By assessing soil texture and drainage, form of N applied, time between N application and heavy rainfall(s), you can make an educated guess about if and how much N may have been lost. For a more detailed explanation of this please read: http://bit.ly/2teVpRt
If all or most of your N for corn is coming from manure and/or a forage legume, then the PSNT can still be used to estimate N credits. Note, when average May-June soil temperatures are more than 1F below the long-term average, the N credit is often underestimated and book value estimates of credits are more reliable. The PSNT is not suggested for use on sandy soils. For more details on how to use the PSNT see UWEX Publication A2809 Nutrient application guidelines for field, vegetable, and fruit crops in Wisconsin (http://learningstore.uwex.edu/assets/pdfs/A2809.pdf).
Where the entire crop N requirement has not yet been applied, sidedress or other postemergence applications should contain the balance of the crop N requirement. Additional N to replace 25 to 50% of the fertilizer N that was lost could be applied.
If all of the N was applied prior to the heavy rainfall, try to determine how much N loss may have occurred. The next step is to decide whether or not you need or want to apply supplemental N fertilizer to your corn crop. When making this decision, compare the amount of N loss (in lb N/a) that you think may have occurred to UW’s price adjusted corn N rate guidelines at several different N to corn price ratios. (See UWEX publication A2809 for details).
For each N:corn price ratio, UW guidelines have a target N rate, the maximum return to N rate (MRTN) and a range of N rates that produced profitability within $1/a of the MRTN. The profitable range of N rates will typically produce a yield that is more than 95% of maximum yield. Yield at the MRTN rate is 98 to 99% of maximum yield. Remember maximum yield is not the most profitable yield. Based the estimated amount of N loss, as well as your cost of production, you may not want to replace all of the lost N.
Options for applying supplemental N when it is needed include traditional sidedressing, late/pre-tassel applications, or fertigation. UAN solutions can be applied as a surface band or as a broadcast spray over the growing crop. Dry N fertilizers (urea, ammonium sulfate, or ammonium nitrate) can also be broadcast applied to the crop.
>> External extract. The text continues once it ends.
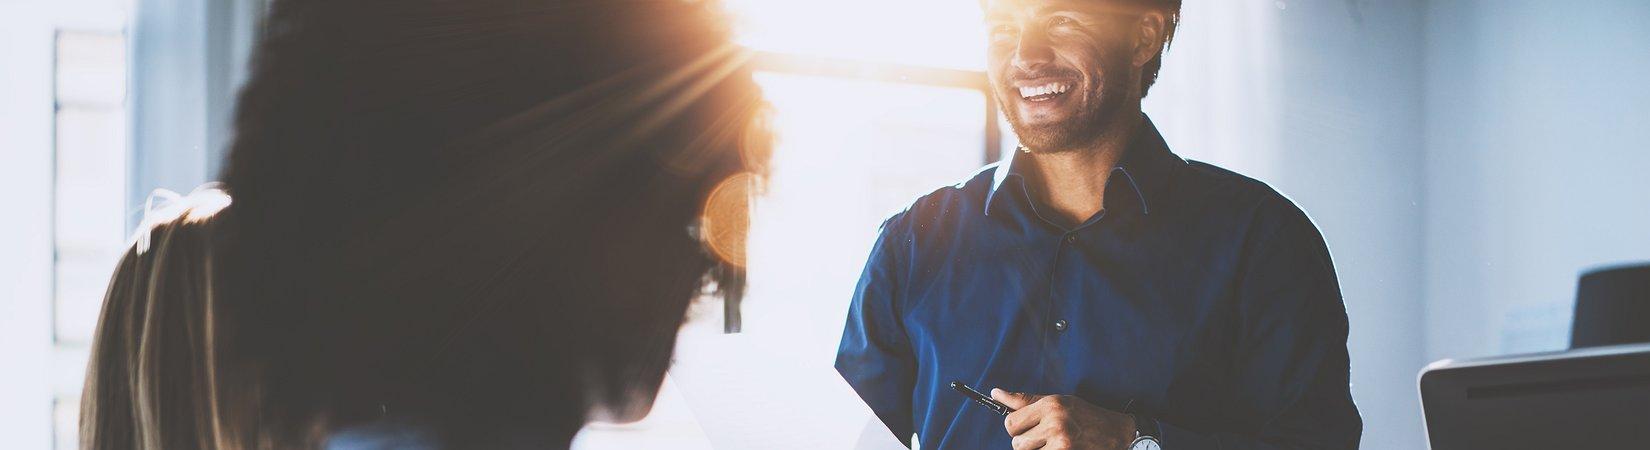 Cómo distinguir un buen consejo de un consejo eficaz
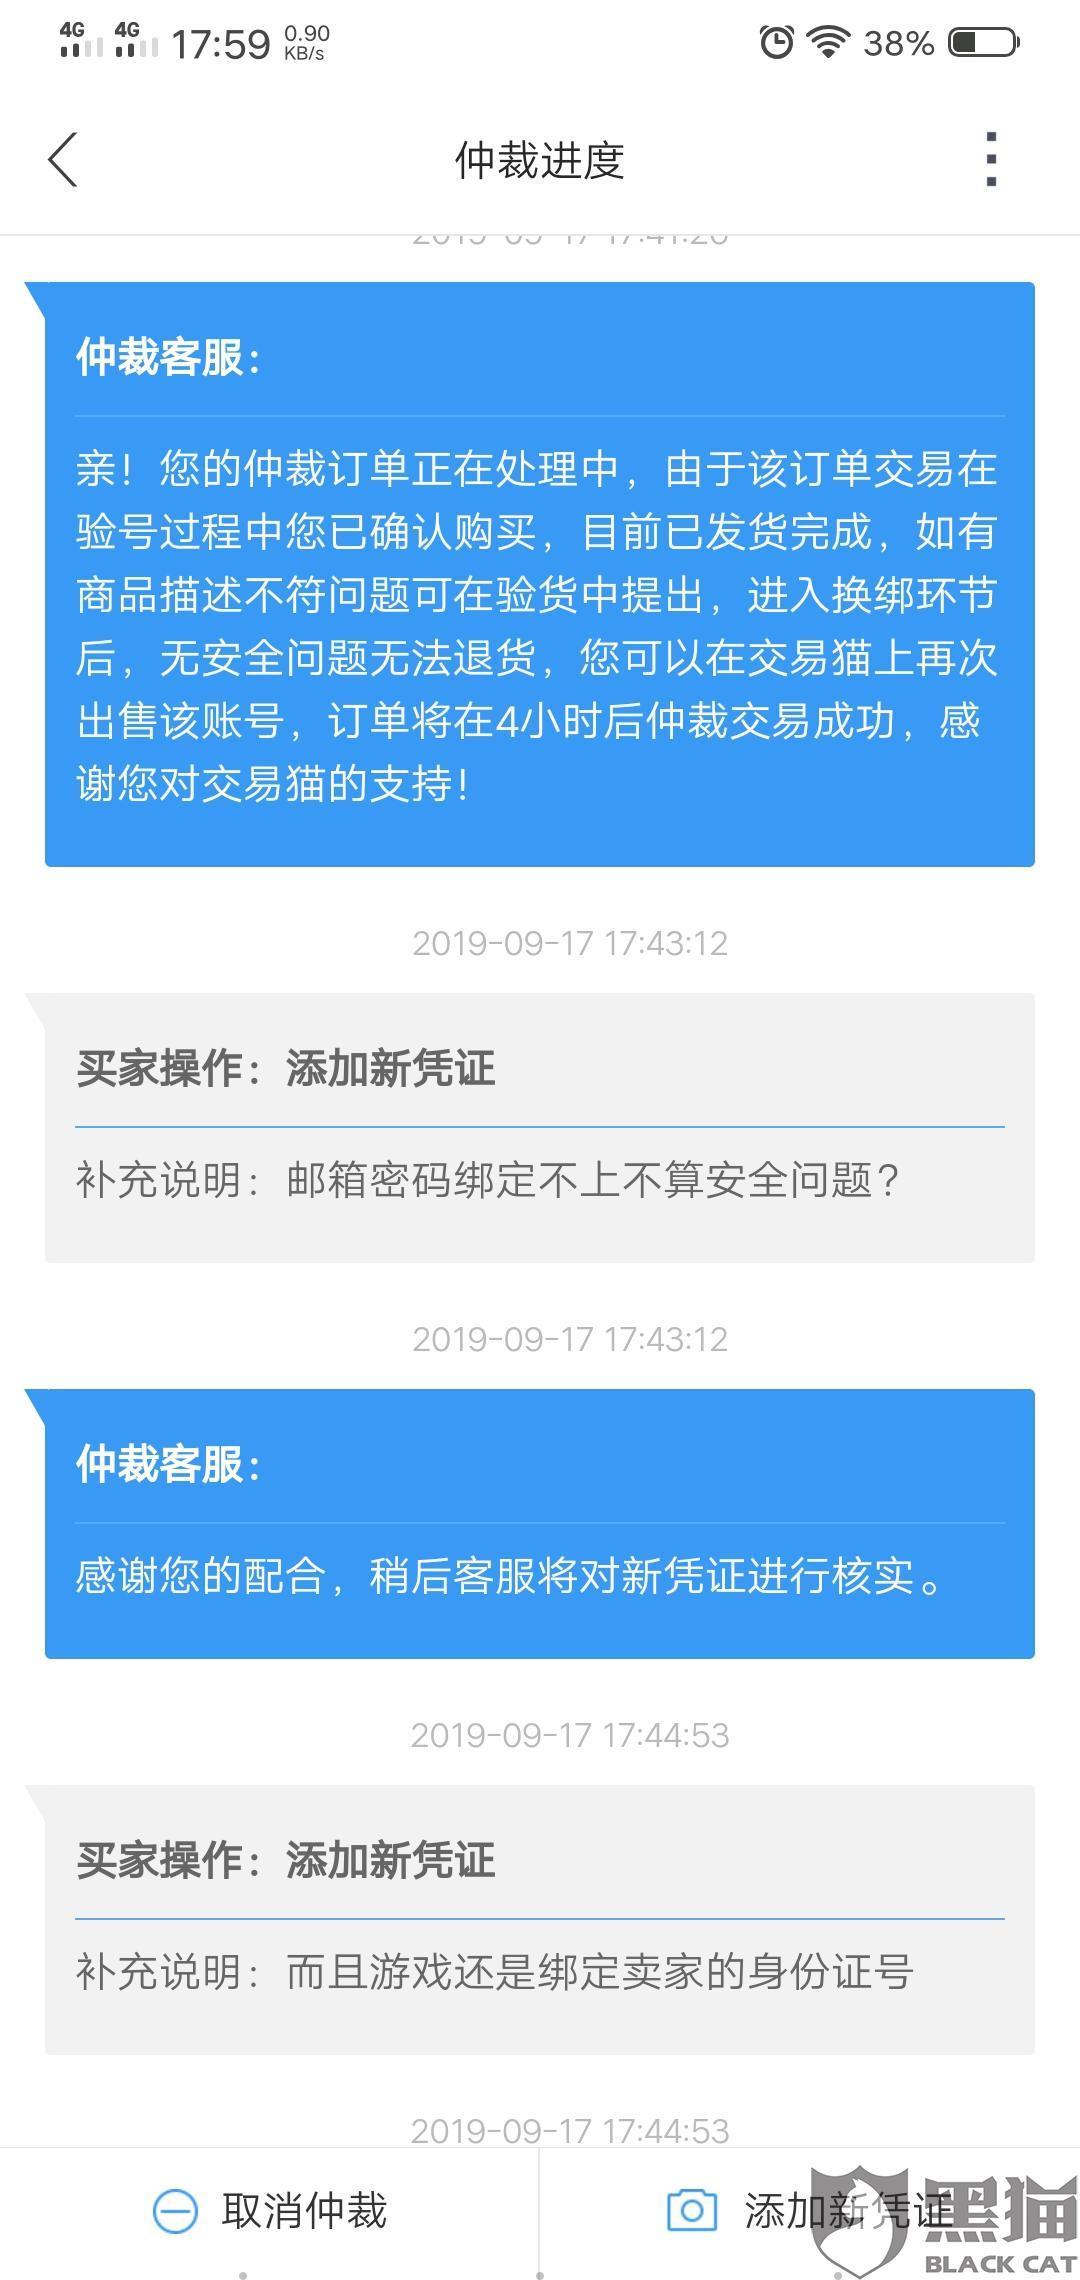 黑猫投诉:邮箱密码无法绑定,账号内容和卖家描述不一样刚买不超过24小时申请仲裁不通过

Leaf burning from solution or dry broadcast applications should be expected. Appling the dry materials when foliage is dry will help minimize burning. Broadcast N rates should be limited to 90 lb N/a for corn with 4 to 5 leaves and to 60 lb N/a for corn at the 8-leaf stage. Under N deficient conditions, corn will respond to supplemental N applications through the tassel stage of development if the N can be applied. Recent research conducted at Marshfield, WI showed that 40 lb N/a as UAN applied 7 to 10 days prior to tassel was successful at rescuing yield, when preplant applied N was lost because of wet soil conditions.